2 EU NO CAMPO: PERCURSO EPISTEMO-METODOLÓGICO

2.5 Análise: caminhos para a leitura das informações

Decerto que a análise não é iniciada apenas quando se considera que a inserção no campo deve ser findada. Acredito na existência de um processo dinâmico e contínuo entre o levantamento de informações e as análises que, no caso desta pesquisa, abrange, para além do contato com as mulheres que participaram do grupo de discussão pela humanização do parto e do nascimento pesquisado, tudo aquilo que circunda o tema, desde aparições na mídia, manifestações, projetos de lei e resoluções, conversas em diferentes situações e lugares, enfim, toda sorte de circunstâncias em que me deparei, de forma direta ou indireta, com o tema aqui tratado. Sendo assim, saliento uma vez mais que as informações construídas e análises são empreendidas em relação, em espaços de interpretação negociados.

Para Gaskell (2002), a tarefa da análise passa pela busca de sentidos e compreensões que ultrapassam o explícito e organizado na intenção de detectar contradições, tensões, conflitos e regularidades que fazem parte das informações construídas em campo, que costumam ser heterogêneas e não unânimes (MARQUES; VILLELA, 2005). Logo, a análise deve levar em conta que os signos não falam por si sós e nem são sempre coerentes, pois sempre passam por e são interpretações. Ao pesquisador resta a possibilidade de uma interpretação de segunda mão ou mais adiante desta (GEERTZ, 2008).

Isto posto, resolvi lançar mão da análise do discurso para lidar com as informações construídas com os e-mails, o caderno de notas/diário de campo e as entrevistas. Segundo Lupicinio Iñiguez (2005a), para além de sua importância como método, a análise do discurso é uma perspectiva que serve para analisar os processos sociais. De acordo com este pressuposto, a linguagem é uma ação e, neste sentido, ela não representa a realidade, mas a produz. Para Foucault (2007b) o discurso é uma prática social que tem condições de produção definidas, nas quais se pode identificar um campo de regularidade com diversas posições de subjetividade. O discurso não manifesta estritamente um sujeito que pensa, conhece e diz, mas um conjunto que o dispersa e expressa sua descontinuidade. Sendo assim, ao empreender uma análise do discurso estive atenta a contradições e tensões, para destrincha-las, de modo a compreender os jogos de poder presentes na formulação das ideias aqui discutidas.

Minha escolha pela análise do discurso se deve a sua pertinência quanto ao entendimento dos modos de construção e manutenção de verdades e saberes, de modo a restituir ao discurso seu caráter de acontecimento.

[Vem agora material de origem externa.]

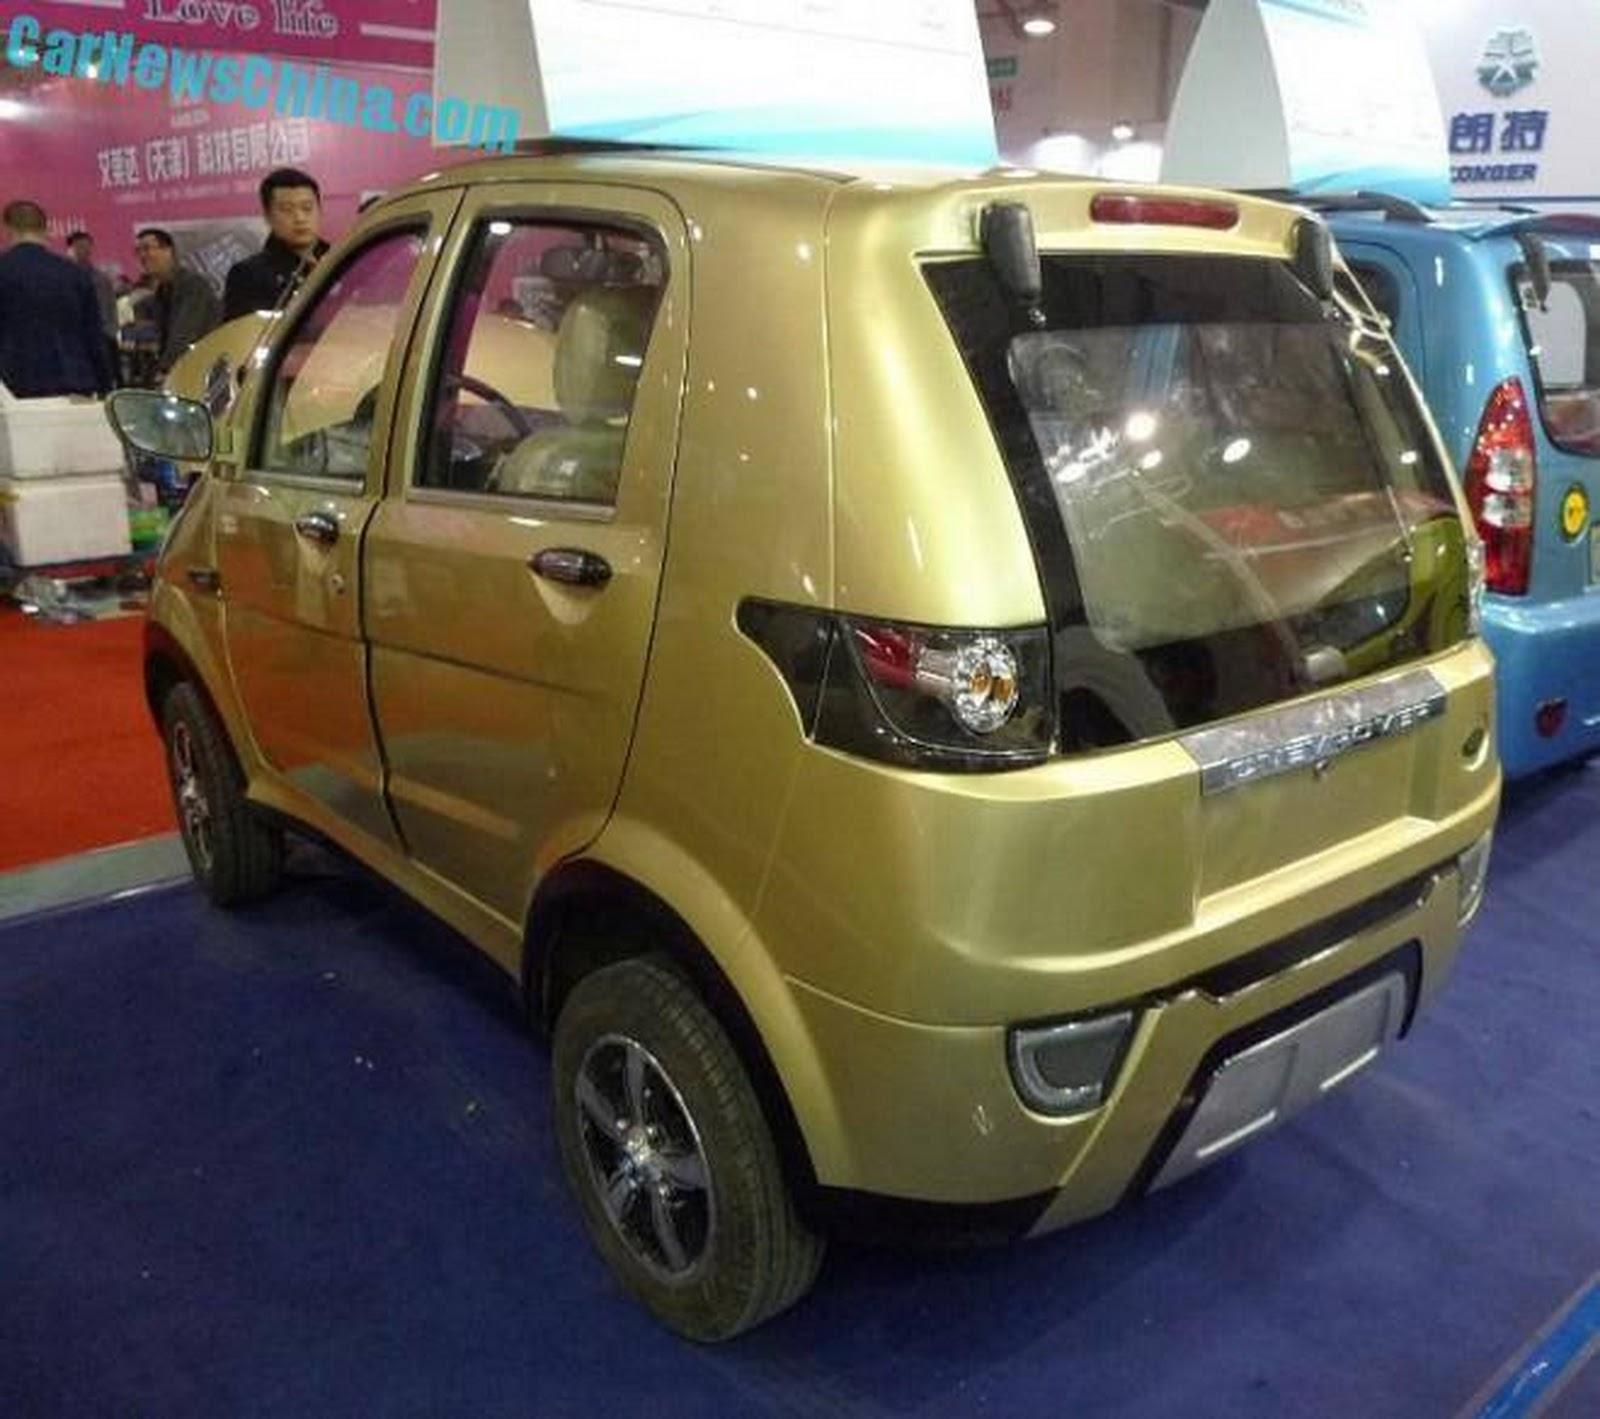 Mini-Me Range Rover Clone From China

Neste caso, reconheço que tanto o discurso da obstetrícia hegemônica, quanto o das mulheres que buscam um parto humanizado que tentam, frequentemente, se opor e questionar o primeiro, tendo-o, portanto, como um dos principais interlocutores, são produções situadas, já que

o discurso nada mais é do que a reverberação de uma verdade nascendo diante de seus próprios olhos; e, quando tudo pode, enfim, tomar a forma de discurso, quando tudo pode ser dito e o discurso pode ser dito a propósito de tudo, isso se dá porque todas as coisas, tendo manifestado e intercambiado seu sentido, pode voltar à interioridade silenciosa da consciência de si. (FOUCAULT, 2007b, p. 49)

Iñiguez (2005b) atesta que o termo discurso não é unívoco. Ao contrário, caracteriza-se por polissemia condizente com a variedade de tradições, autores e práticas que o abordam. Ou seja, existem tantas definições para discurso quantos fatores dispostos a o abarcar. De acordo com o autor referido, as concepções mais comuns nas ciências sociais e humanas são:

a) Discurso como enunciado ou conjunto de enunciados efetivamente falados por um/a falante.

b) Discurso como conjunto de enunciados que constroem um objeto. c) Discurso como conjunto de enunciados falados em um contexto de

interação – nesta concepção ressalta-se o poder de ação do discurso sobre outra ou outras pessoas, o tipo de contexto (sujeito que fala, momento e espaço, história, etc.).

d) Discurso como conjunto de enunciados em um contexto conversacional (e, portanto, normativo).

e) Discurso como conjunto de restrições que explicam a produção de um conjunto de enunciados a partir de uma posição social ou ideológica específica.

f) Discurso como conjunto de enunciados em que é possível definir as condições de sua produção (IÑIGUEZ, 2005b, p. 123).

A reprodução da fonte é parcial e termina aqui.